Thursday, June 26, 2008

ch-ch-changes

So a lot has happened within in this past week of my life!! I cant remember the last time all this crazyness stumbled onto my plate at once! haha. But i must say,i have not been this happy in a long time. Why? i dont know!! its driving me crazy! Typically a person in my situation would be miserable! NOT ME! I dont get it!! ahhh Anyway! I find myself looking for a reason to why i'm so happy and .. it always come to,"Maybe because for once theres clarity in my life? Im not necessarily confused about my feelings towards another person?" YES! thats it! But then i remember what happened a week ago and that reason gets shot to hell! What would someone HONESTLY do in that situation?! I find myself constantly battling over what the right thing to do is. Would reminding him make things akward .... ? or more comfortable .... ? Would we laugh about .... ? or would he get upset .... ? SEE I DONT KNOW! and its driving me nuts!! How would you even remind someone of something they did while being not soo sober? Include it in a friendly conversation "OH! and by the way! THIS HAPPENED" ... hmmm ... I guess its my guilty conscious getting to me because i DOUBT any good would come out of telling him ... Then i see how we act with eachother,and the way we talk. Its unlike anything before. Its very unique. But i wonder its too unique?! maybe weird?! haha. Thing is,i dont want to run the risk of losing his friendship because what happened,happened. We cant change it. So maybe keeping it to myself(and a few close friends) would probably be the smartest thing!

sighh


i'm so use to not being this happy for no reason that im trying to find reasons to be miserable. Which in my eyes,is pretty sad. Its really not working though. I really do see a lot of things in a different perspective and i couldnt be happier that im finally content.

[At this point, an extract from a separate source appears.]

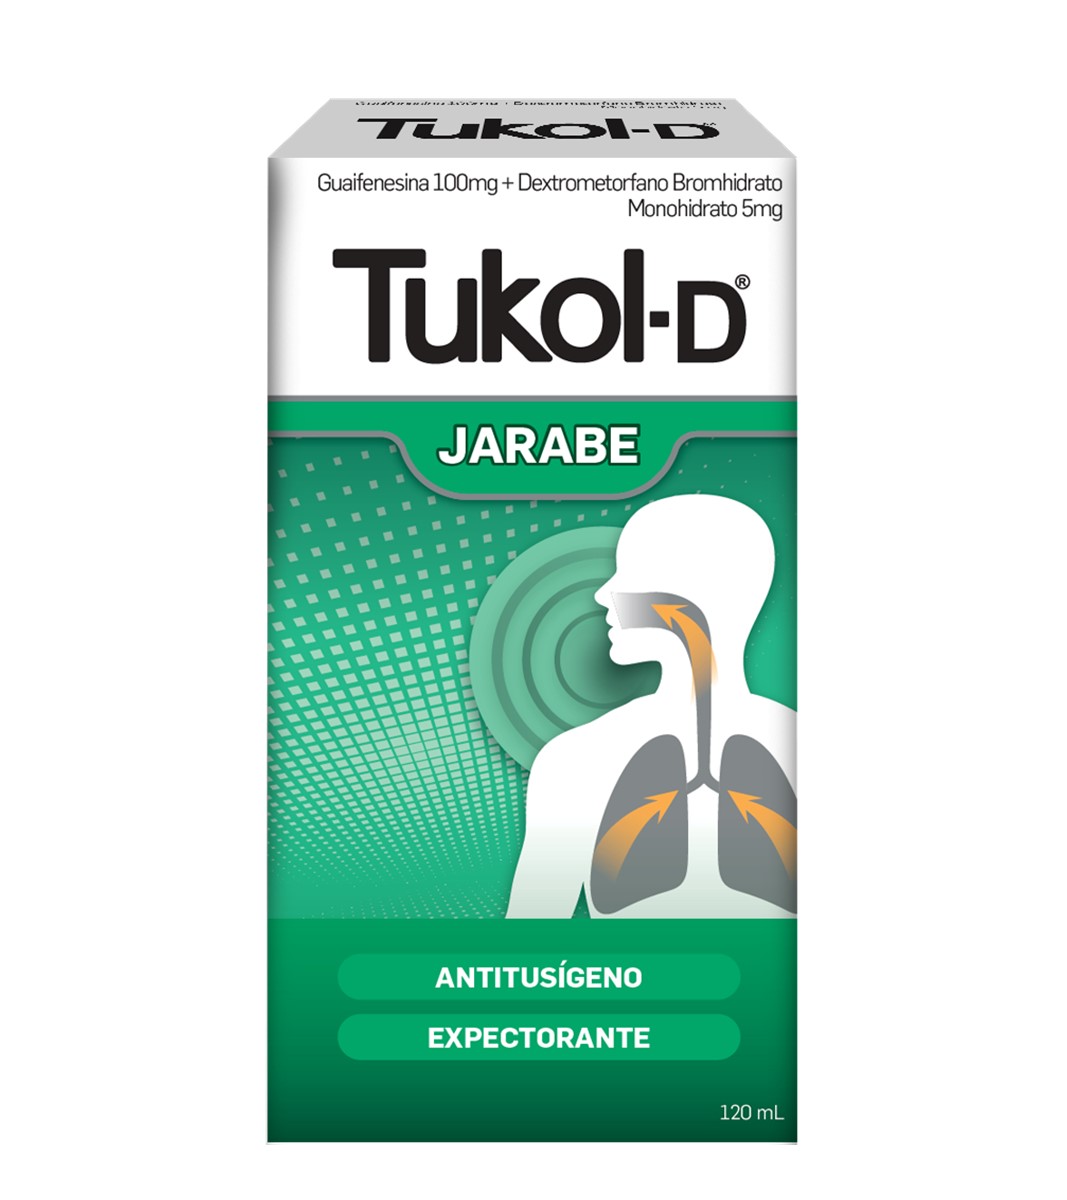 Tukol-D - Frasco 120 ml

I recently lost someone very special in my life. It was really hard at first. It still is but i guess i've learned to deal with it and move on with my life. Living in the past and dwelling on what could have been or how things could have been better in past,is not gonna help Me. I really had to learn how to let go of people,especially the people i never wanted to but knew i had to. Its something i have to work at everyday and This is when i realize the reason why i am so happy. And the reason is God. Without him, I would not have been able to get through a lot of things in my life. He is guiding me to where he wants me and is helping me every step of the way. He is showing me that in life,you cant always have what or who you want but No matter what,you will always have him. He has bigger and better things planned for me and im so excited to see where he takes me. He has blessed me an amazing family and friends to help me get through this and to be a stronger person. I will forever praise the lord for everything/everyone i have or will have in my life!